S’il ressort de l’historique du compte EUROSERENITE que les échéances ont été prélevées sur le compte alors que le solde débiteur dépassait l’autorisation de découvert les 7 juin 2022, 6 juillet et 17 août 2022, il convient de considérer que ces prélèvements valaient paiement dans la mesure où le délai de trois mois n’était pas expiré.
Le premier impayé remonte donc à moins de deux ans avant l’assignation délivrée le 29 juillet 2024.
Dès lors la demande n’est pas non plus forclose.
2) Sur le bien-fondé de la demande
Aux termes de l’article 1353 du code civil, celui qui réclame l’exécution d’une obligation doit la prouver. Réciproquement celui qui se prétend libéré de cette obligation doit justifier le paiement ou le fait qui a produit l’extinction de cette obligation.
Sur la demande au titre du découvert en compte
L’article R632-1 du code de la consommation dispose que le juge peut soulever d’office toutes les dispositions du présent code dans les litiges nés de son application.
Aux termes de l’article L312-93 du même code, lorsque le dépassement se prolonge au-delà de trois mois, le prêteur propose sans délai à l’emprunteur un autre type d’opération de crédit au sens du 4° de l’article L. 311-1, dans les conditions régies par les dispositions du présent chapitre.
Le dépassement visé concerne notamment le dépassement du découvert convenu.

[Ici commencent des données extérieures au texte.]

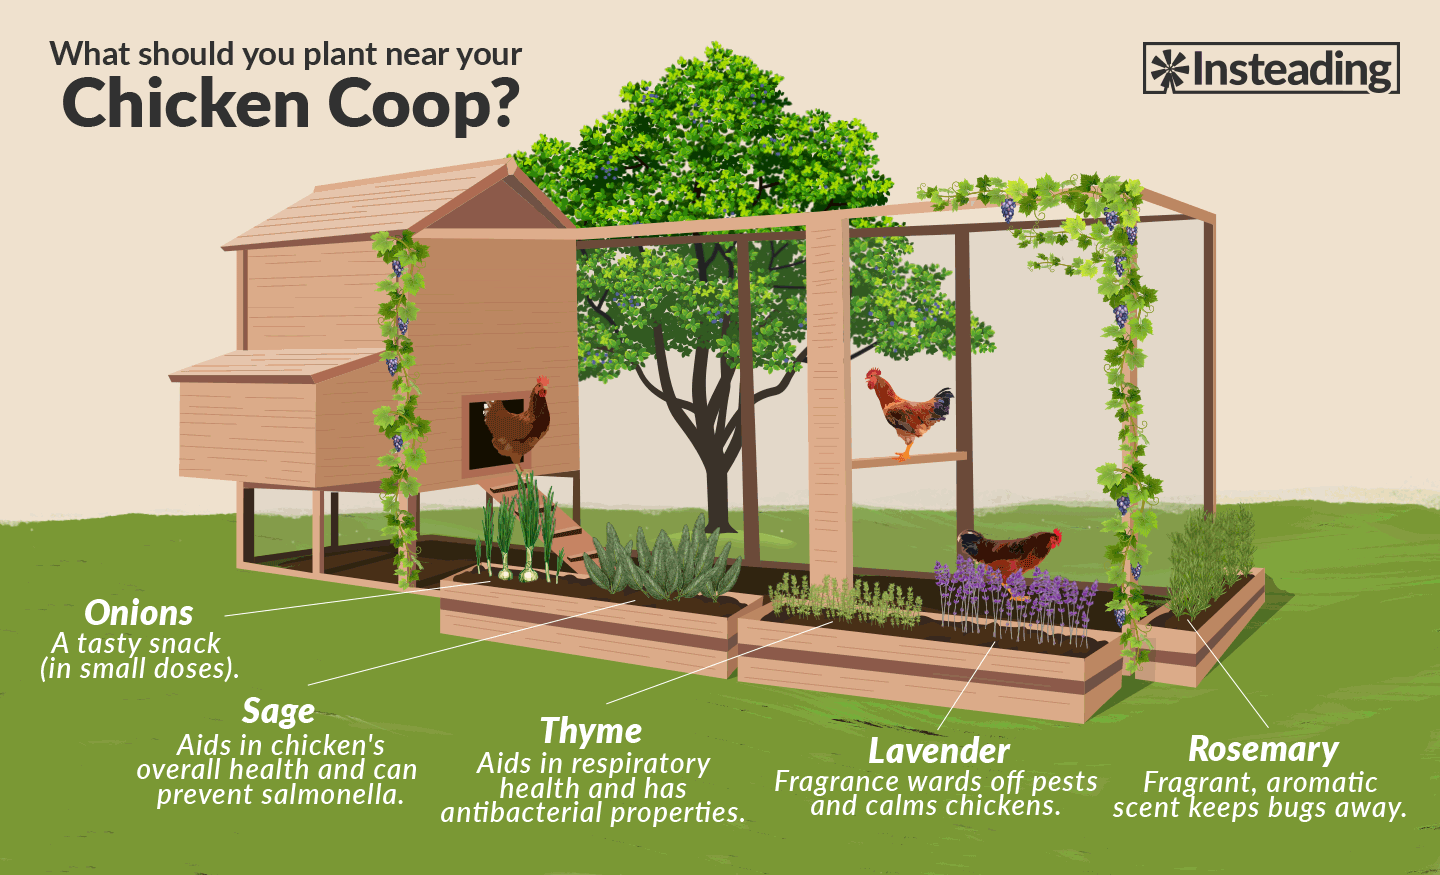 12 Chicken-Friendly Plants To Grow Next To Coops � Insteading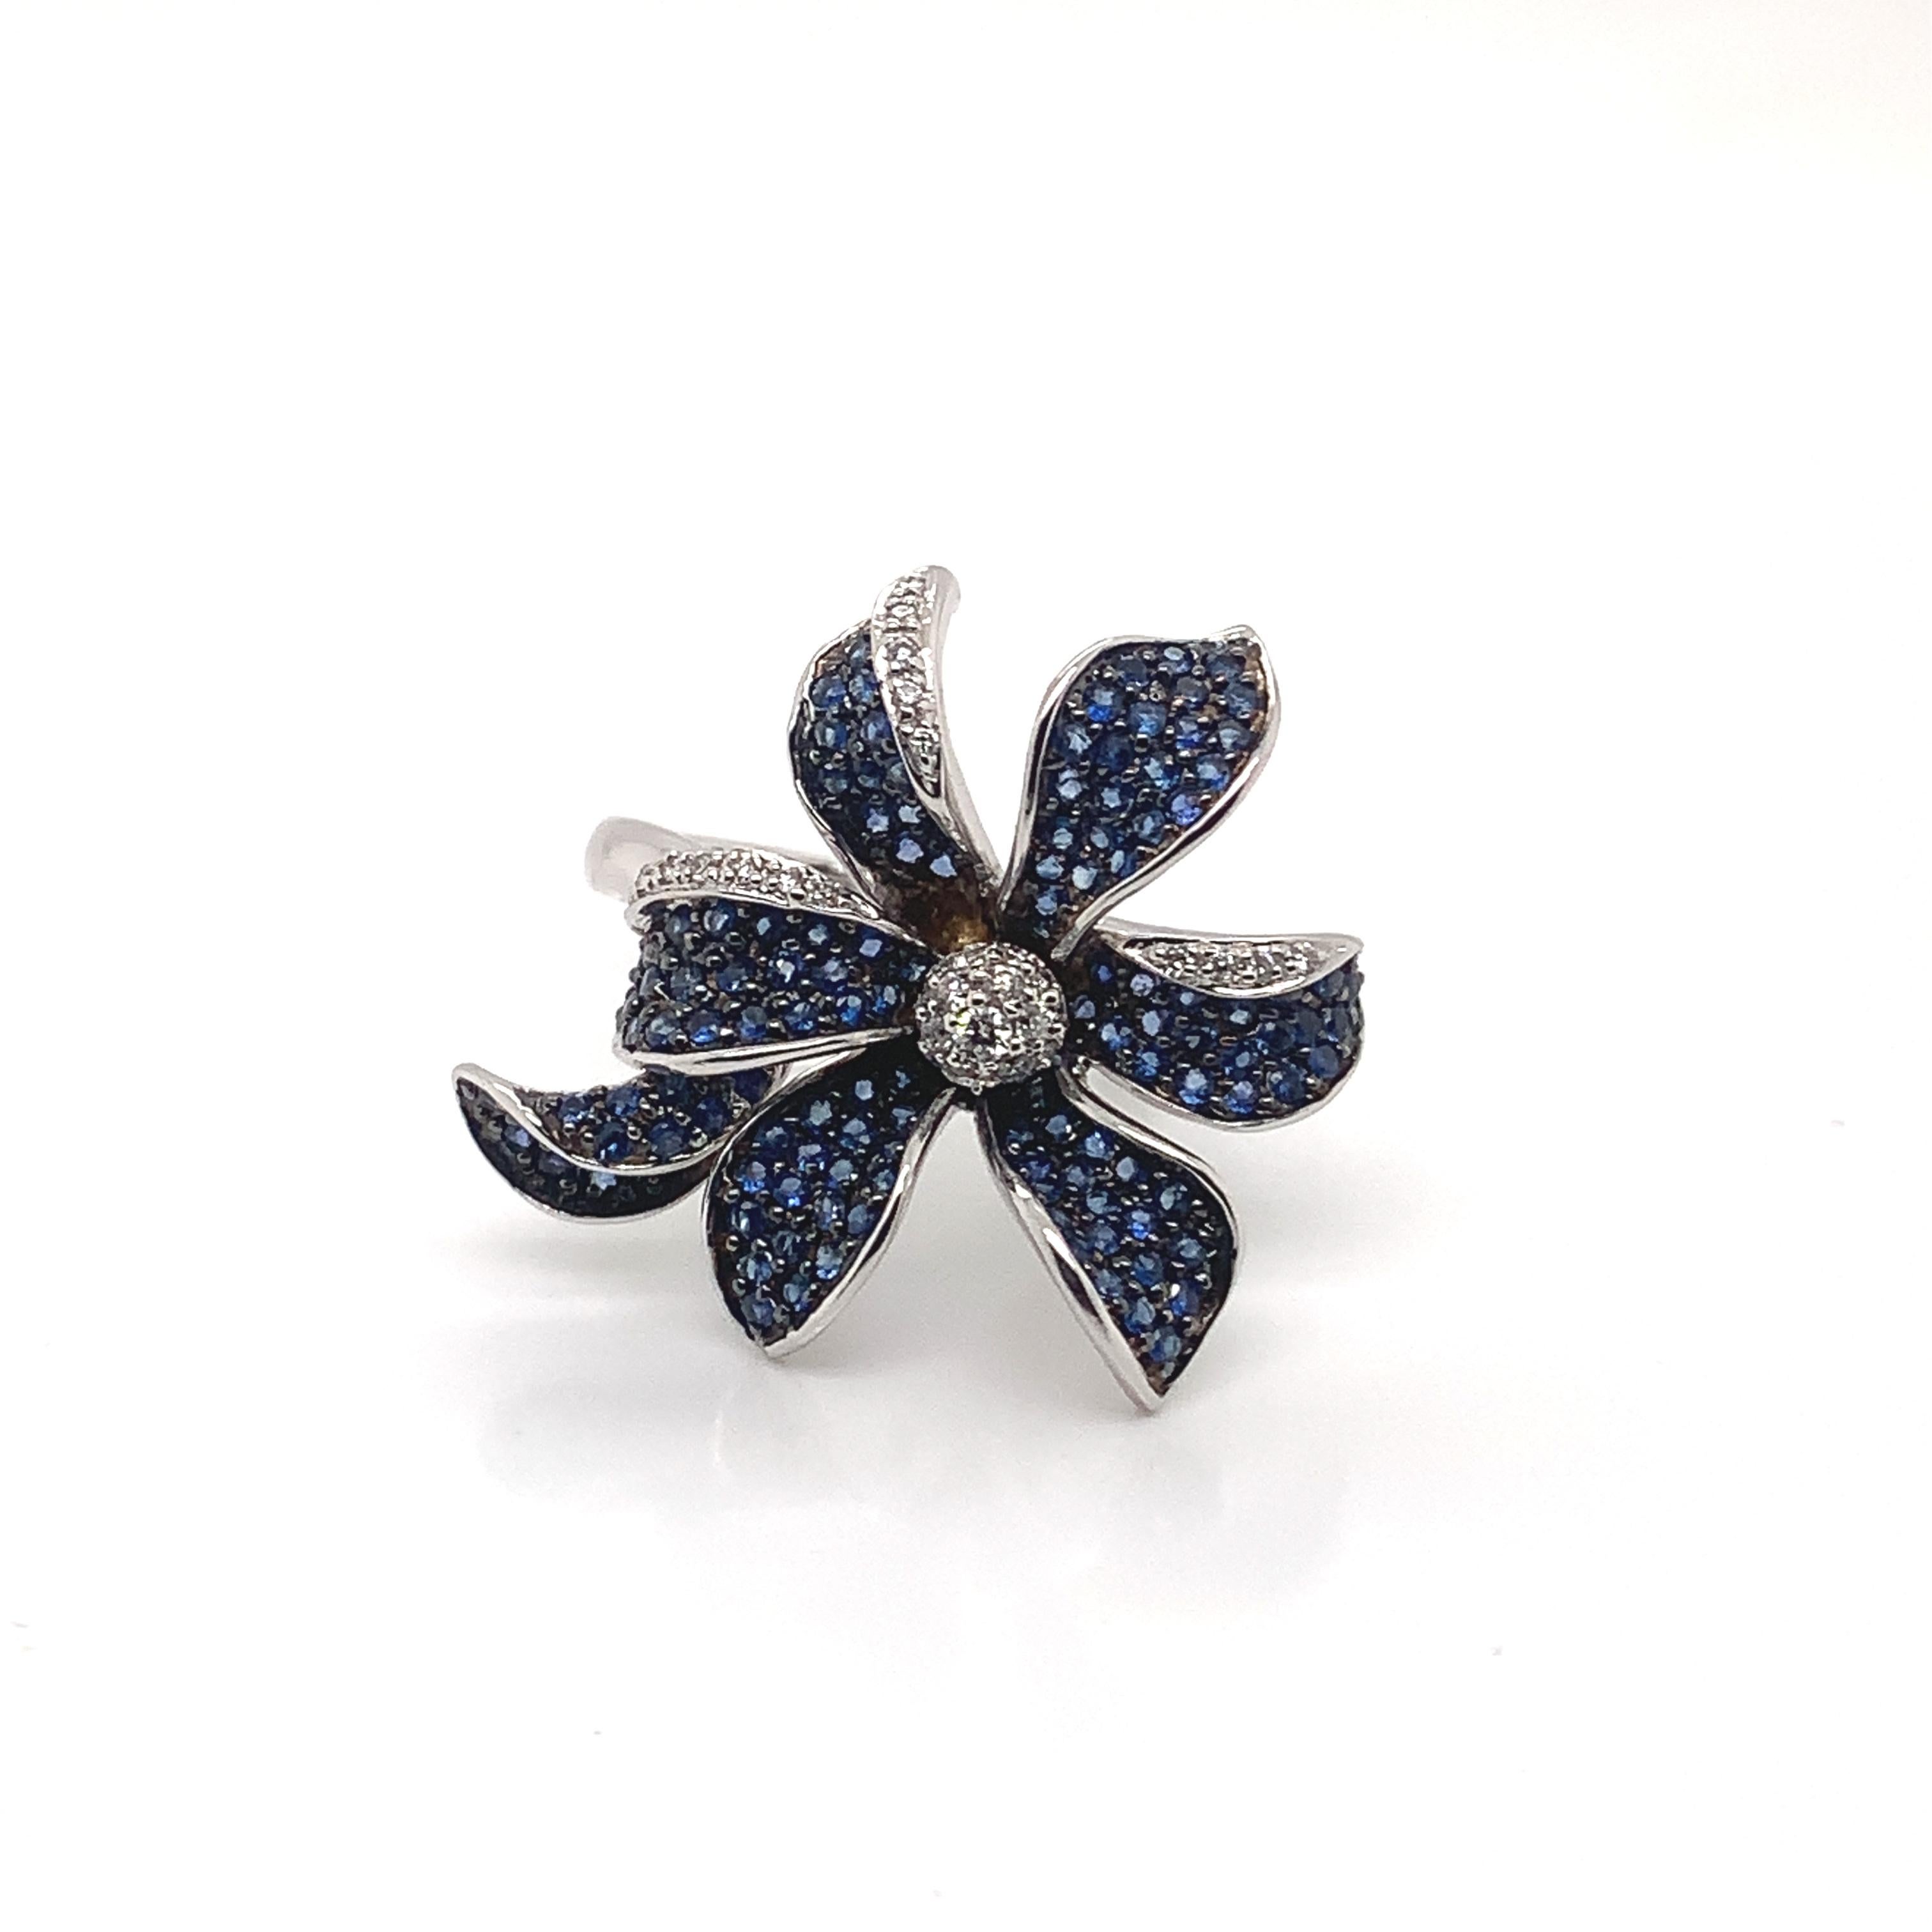 Round Cut Floral 1.7 Carat Blue Sapphire and Diamond Ring in 14 Karat White Gold

En application de l’article L341-9 du même code, le prêteur qui n’a pas respecté les formalités prescrites à l’article L. 312-93 ne peut réclamer à l’emprunteur les sommes correspondant aux intérêts et frais de toute nature applicables au titre du dépassement mentionné à cet article.
Il en résulte qu’en l’espèce, le prêteur ne peut prétendre aux intérêts et frais liés au solde débiteur du compte depuis le 18 août 2022.
La CCM n’a pas produit de décompte expurgé de ces sommes, se contentant de produire un décompte au 28 mars 2025 pour la somme de 3 459,19 euros, « non compris les intérêts courus non capitalisés au 28 mars 2025 ». Or il ressort de l’historique du compte qu’elle produit jusqu’au 11/02/2025, qu’il était débiteur de 3 391,33 euros à cette date et que différentes opérations ont été enregistrées, notamment au crédit du compte, depuis la date à laquelle le compte aurait dû être clôturé, soit le 27 mai 2023 selon la lettre de notification adressé au débiteur en date du 23 mars 2023.
Il résulte de l’historique du compte que les intérêts et frais liés au solde débiteur du compte depuis le 18 août 2022 se sont élevés à :
181,13 € en 2022,115,68 € en 2023 (en tenant compte des « rétrocessions frais plafonnés »),
soit au total une somme de 296,81 euros.
Dès lors, cette somme sera déduite du solde débiteur du compte de 3 391,33 euros au 11 février 2025, selon dernier état du compte produit, soit un solde à payer de 3 094,52 euros. Aucune autre somme ne pourra être réclamée au titre de ce compte qui devra être définitivement clôturé.
Cette somme ne produira pas intérêt, même au taux légal, pour assurer l’effectivité de la sanction de la déchéance du droit aux intérêts conformément à l’article 23 de la directive 2008/48 du Parlement européen et du Conseil et afin d’assurer l’effectivité du droit de l’Union européenne dont les dispositions nationales ne sont que la transposition, exigence réaffirmée par les arrêts CJUE des 27/03/2014 C-565/12 et 9/11/2016 C-42-15 (point 65).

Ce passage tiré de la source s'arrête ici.